"Oh God, another one" is what I thought upon reading the headline of Christianity Today. I mean, I frequent enough gaming groups to know they're practically lousy with progressives. I listen closely enough to know that their hatred of Christians isn't totally unwarranted and is usually because some family member said something to the extent of "Dungeons and Dragons is satanic!" and then the poor nerd had to endure a living hell simply because they found something worthwhile in a poorly understood hobby. Conservative Christians are bad at figuring out RPGs. That's not a controversial statement. Period. And, while this article isn't nearly as irritating as it looks upon first glance, it's still symptomatic of basic issues that Protestants have with... well... being human. Still not a good article, by and large.
I do recommend reading the article before going on, by the way. Here it is again.
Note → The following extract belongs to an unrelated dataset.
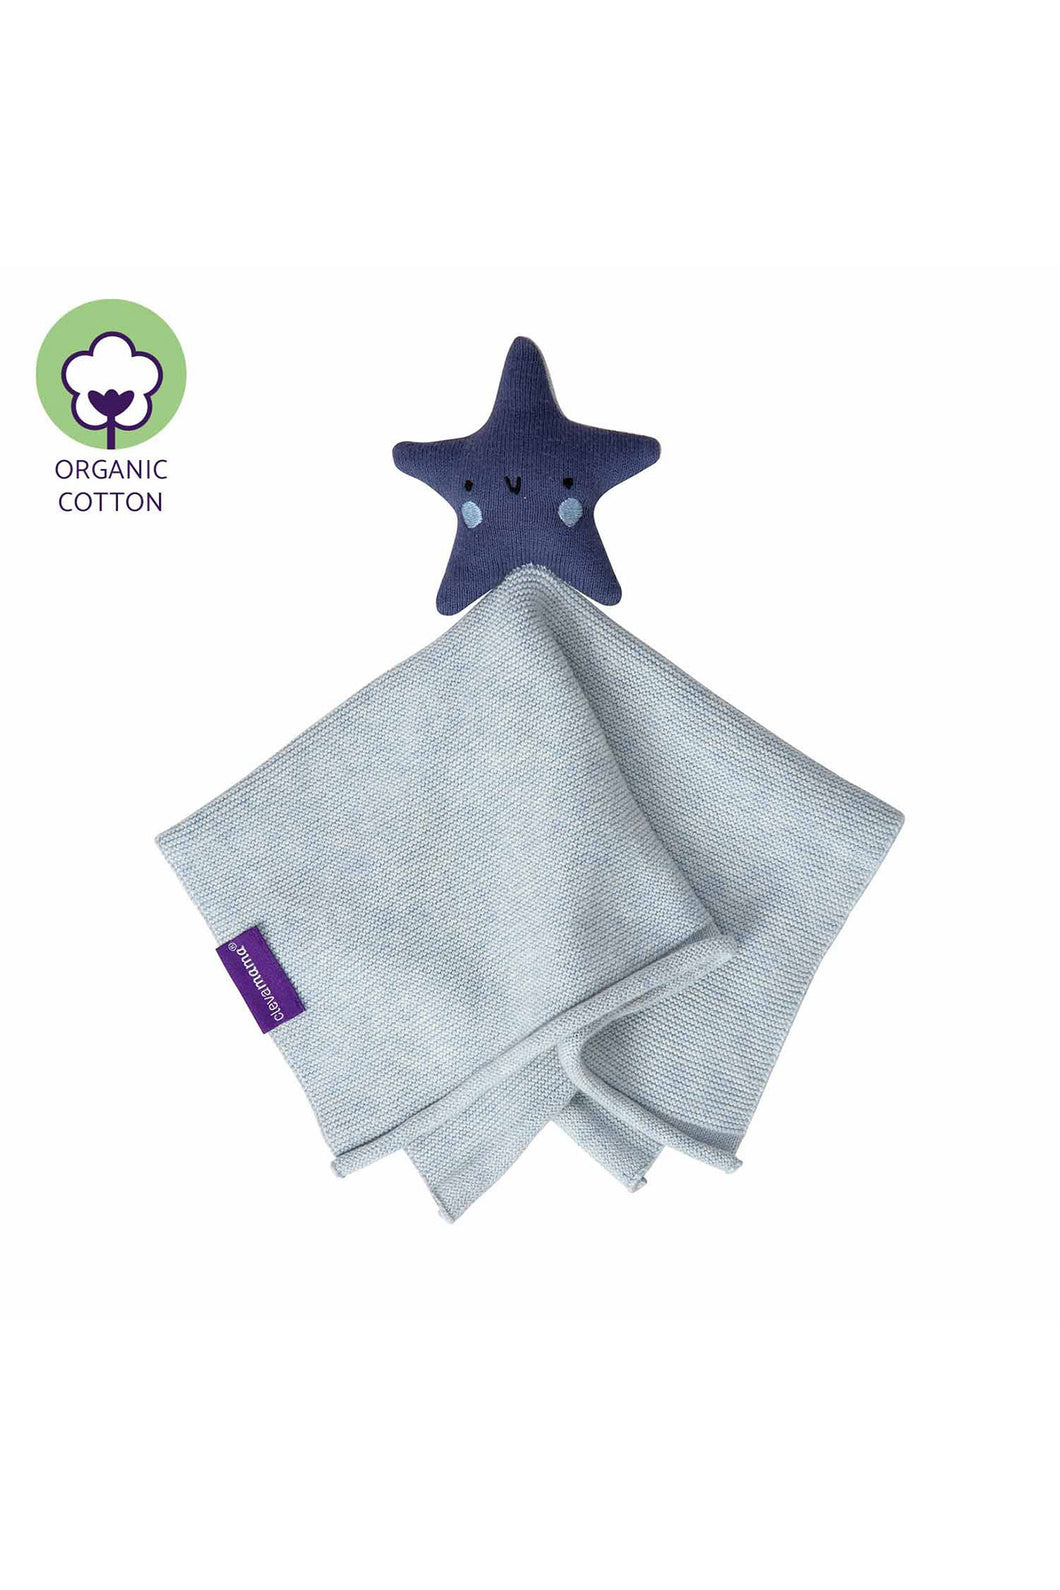 Clevamama Shooting Star Comforter Organic Cotton Knit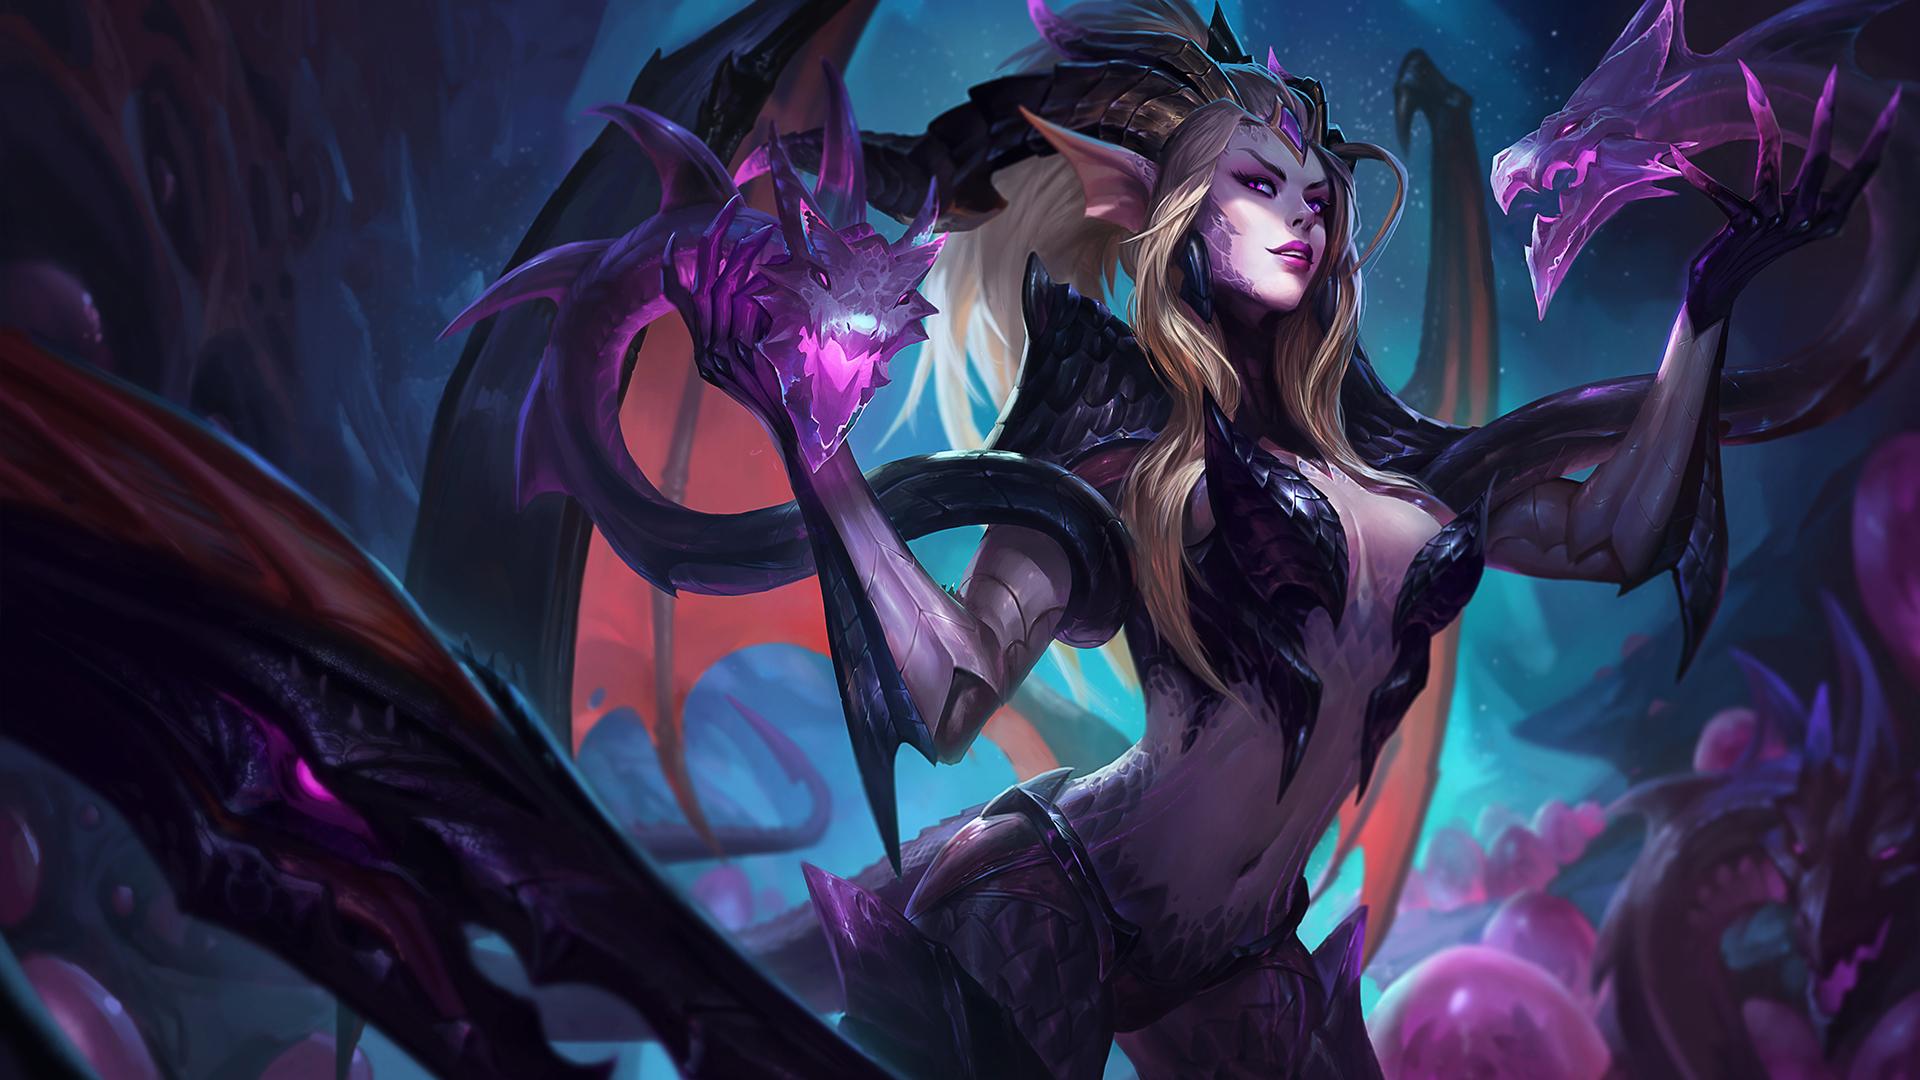 Dragon Sorceress Zyra splash art for League of Legends

Now, in the 2020s, I am wondering if my evangelical elders weren’t partly right about the way fantasy role-playing can paganize a culture—just not in the way they expected.
Right here, at the beginning, we have a problem. That word: "paganize". I'll bet you that most Americans (Wiccans included!) wouldn't know real paganism if it bit them in the ass. But we'll get back to that. Just know, right here, that right at the beginning of the article Dr. Moore commits a fatal error: he thinks that paganism has anything to do with what's going on in "fantasy roleplaying", as he calls it.
It doesn't.
If anything it's the lack of paganism that's the problem, not its presence.
But we'll get there!
So we'll address the good of the article, which is more evidence of manufactured consent being a constant in this... "republic". Dr. Moore breaks down Bannon's disgusting tactic on manipulating people through Breitbart. To quote Dr. Moore:
Senior asked whether Bannon considers what he has done in propagating political media and in energizing populist nationalist movements to be “the gamification of politics.” He replied that this is exactly what he’s doing: “I want Dave in Accounting to be Ajax in his life.”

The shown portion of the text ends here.